Now, how could we possibly object to this account? Once we have abandoned the ethico-political frame assumed by Aristotle, his crucial, qualitative distinction between the desire to live and the desire to live well is difficult to apply. Why should I limit my desires as long as they do not endanger anyone’s life? While one can still try to be individually temperate and sober, the reasons to be so would seem no longer supported by ideas of a common political good; while each can follow his desires according to his own subjective ideal of the imagination –as Kant would put it— there is no public reason strong enough to move me, to oblige me, in that direction. Within a Hobessian framework, as the one incorporated in our political system, the only possible ground for a common action in this regard would be the awareness that our physical lives were threatened by the ever growing desire.

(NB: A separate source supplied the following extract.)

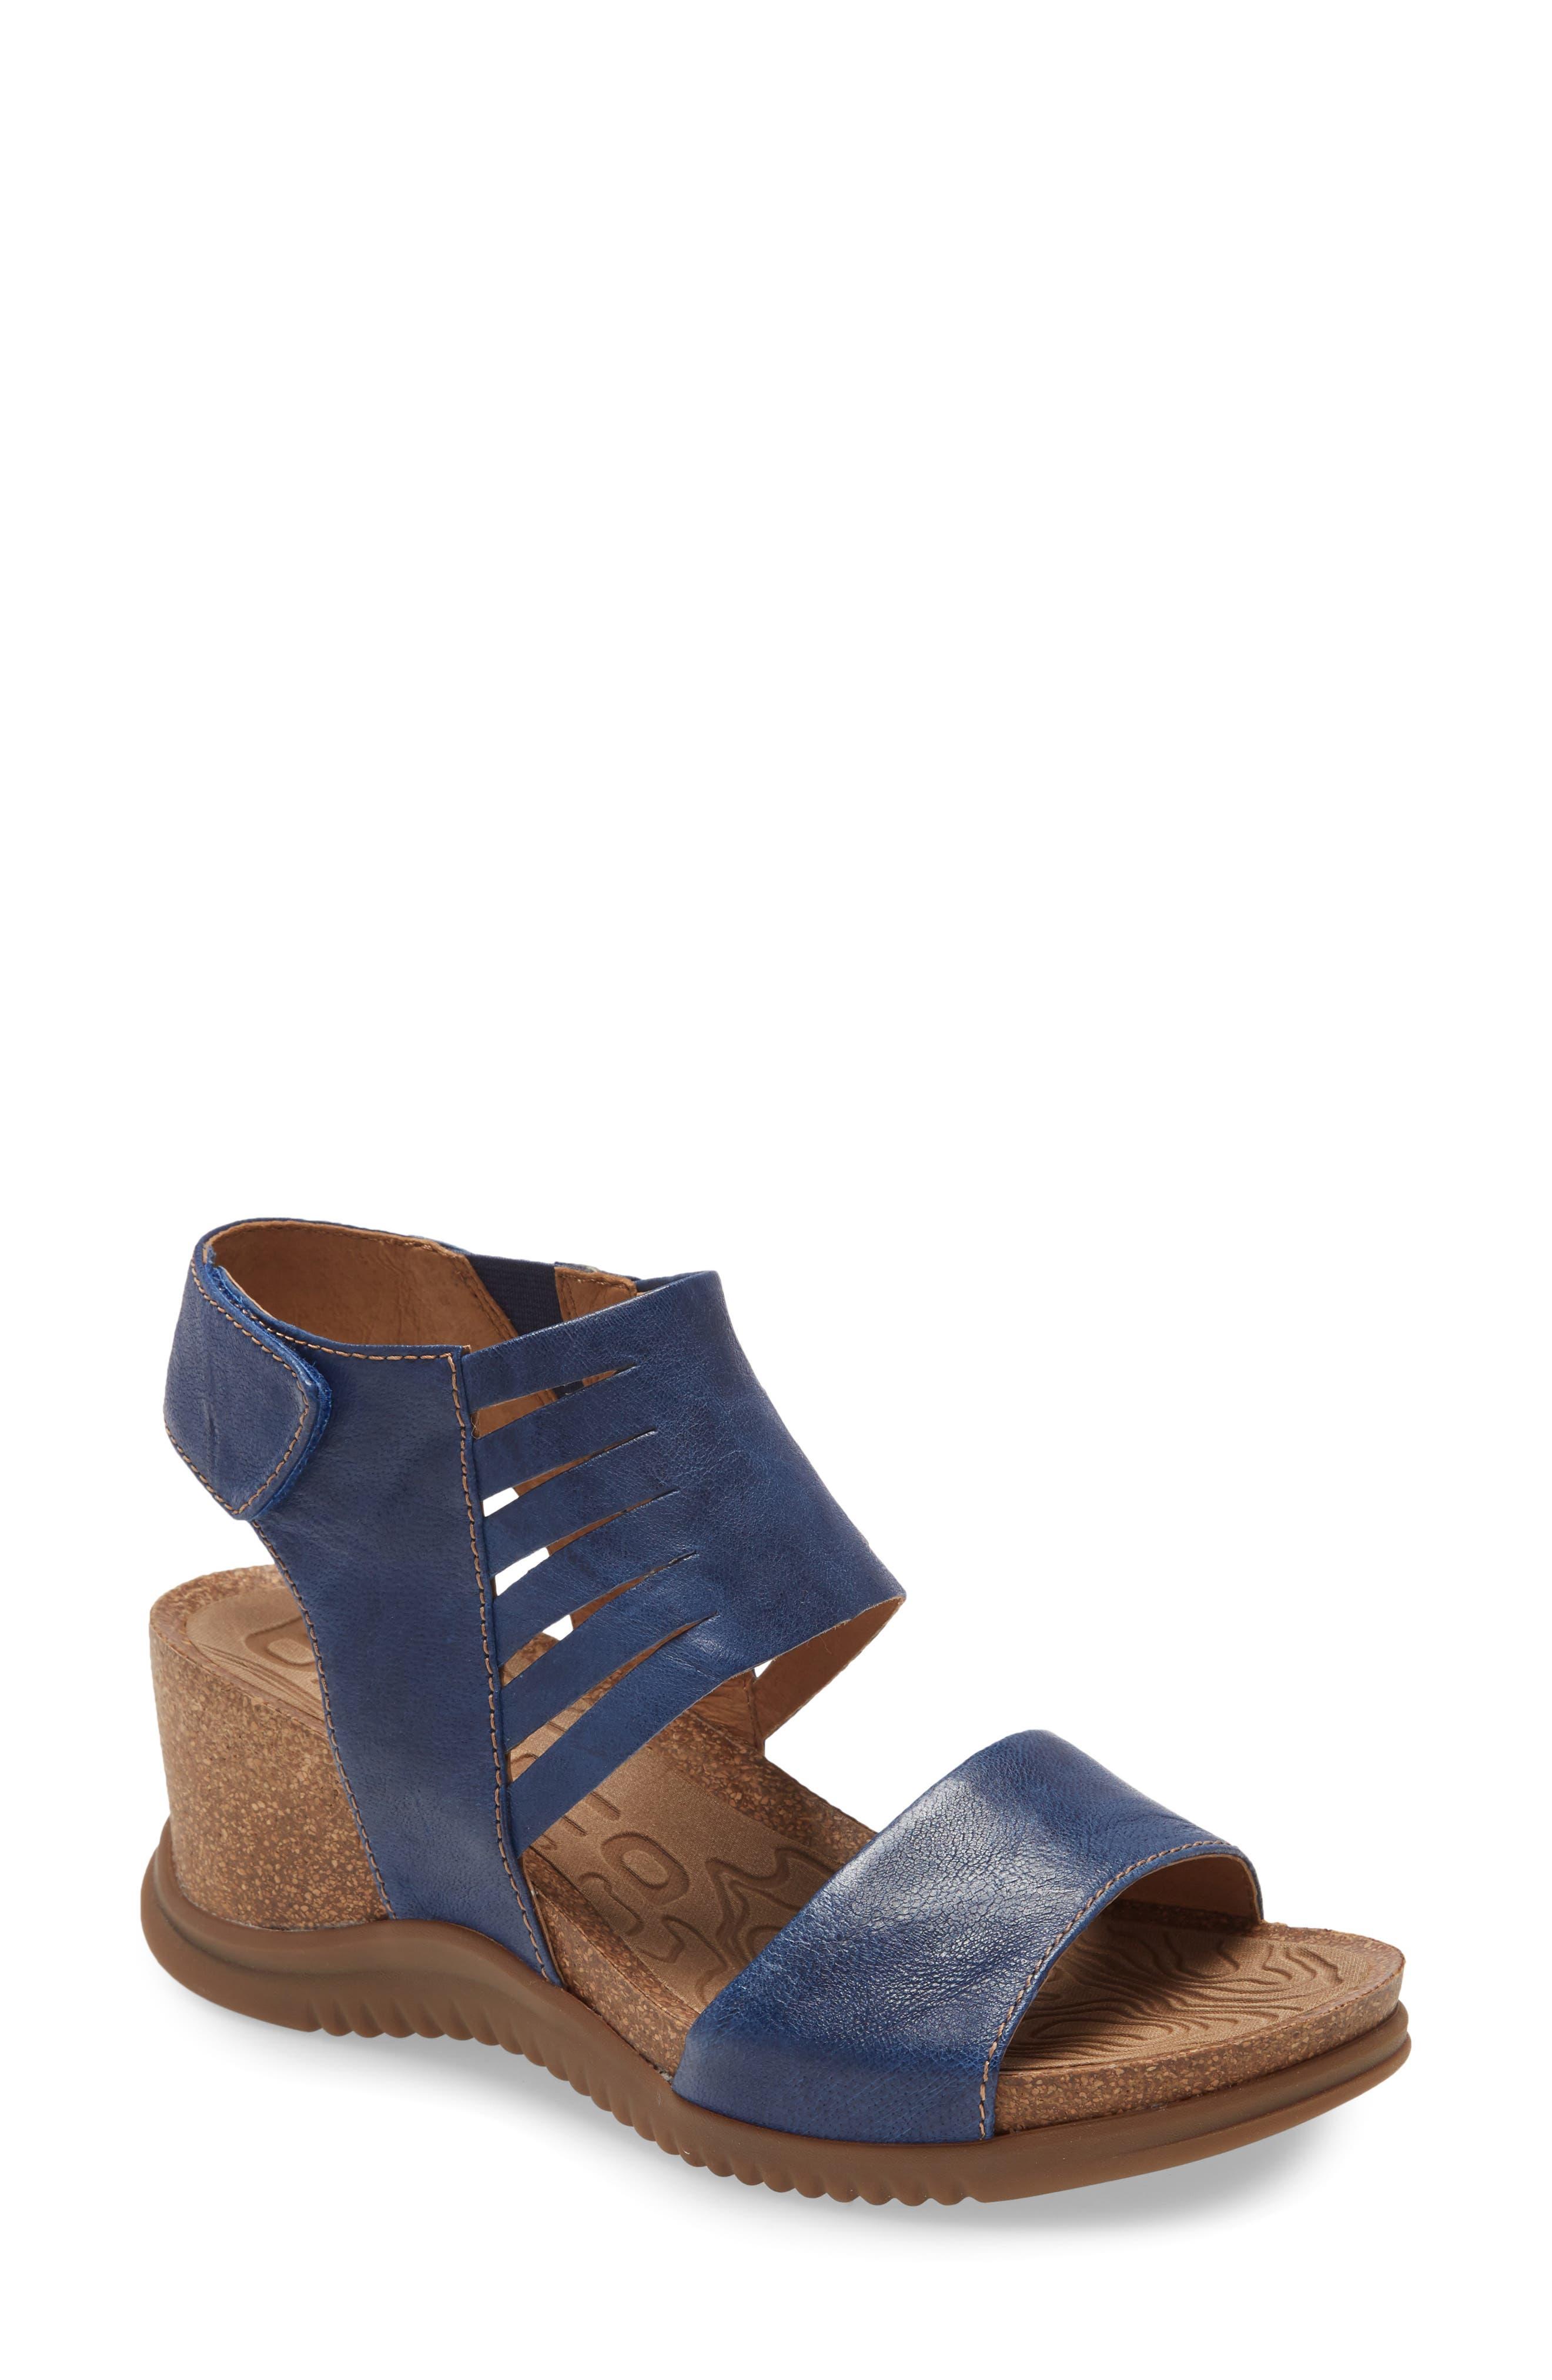 Women's Bionica Gracen Wedge Sandal, Size 6.5 M - Blue

Now, while this is perhaps the scenery some cultural critics are trying to unveil today, it is not entirely clear how to argue for it. Although we can certainly point at the fact that the acceleration of the dynamics of desire in one part of the world has a negative impact in another part of the world, this sort of argument rarely moves the individual agent who has more particular and possibly more pressing reasons for pursuing his or her desires, and is bound to experience any invitation to limit his expenses as an illegitimate limitation of his freedom.

Balance

While consumer society may be just a way of stressing the fact that we have come to express our selves increasingly through consumption acts –something which is not necessarily negative—, it is also true that it puts before our eyes certain ethical challenges of a global dimension. Are we perhaps facing the limits of a typically modern western approach to social and political life?  While the structure of ethical responsibilities in this regard is no clearer than the structure of globalization itself, the ethical perplexities we are facing certainly require deep reflection on our consumer practices. 

I am sure that our discussions here will enlighten this reflection.
 



[1] “Hence some persons are led to believe that getting wealth is the object of household management, and the whole idea of their lives is that they ought either to increase their money without limit, or at any rate not to lose it. The origin of this disposition in men is that they are intent upon living only, and not upon living well; and, as their desires are unlimited they also desire that the means of gratifying them should be without limit”. Pol. I, 9, 1257 b 15- 1258 a 16.

[2] See Aristotle, Nicomachean Ethics, V, 5.

[3] Hobbes, Th., Leviatán, Chapter 11, part 1, The English Works of Thomas Hobbes, ed. Sir William Molesworth, London: John Bohn, 1839, vol. III, Second Reprint 1966, Darmstadt: Scientia Verlag Aalen, p. 85.

[4] Hobbes, Leviatán, chapter 6, p. 51.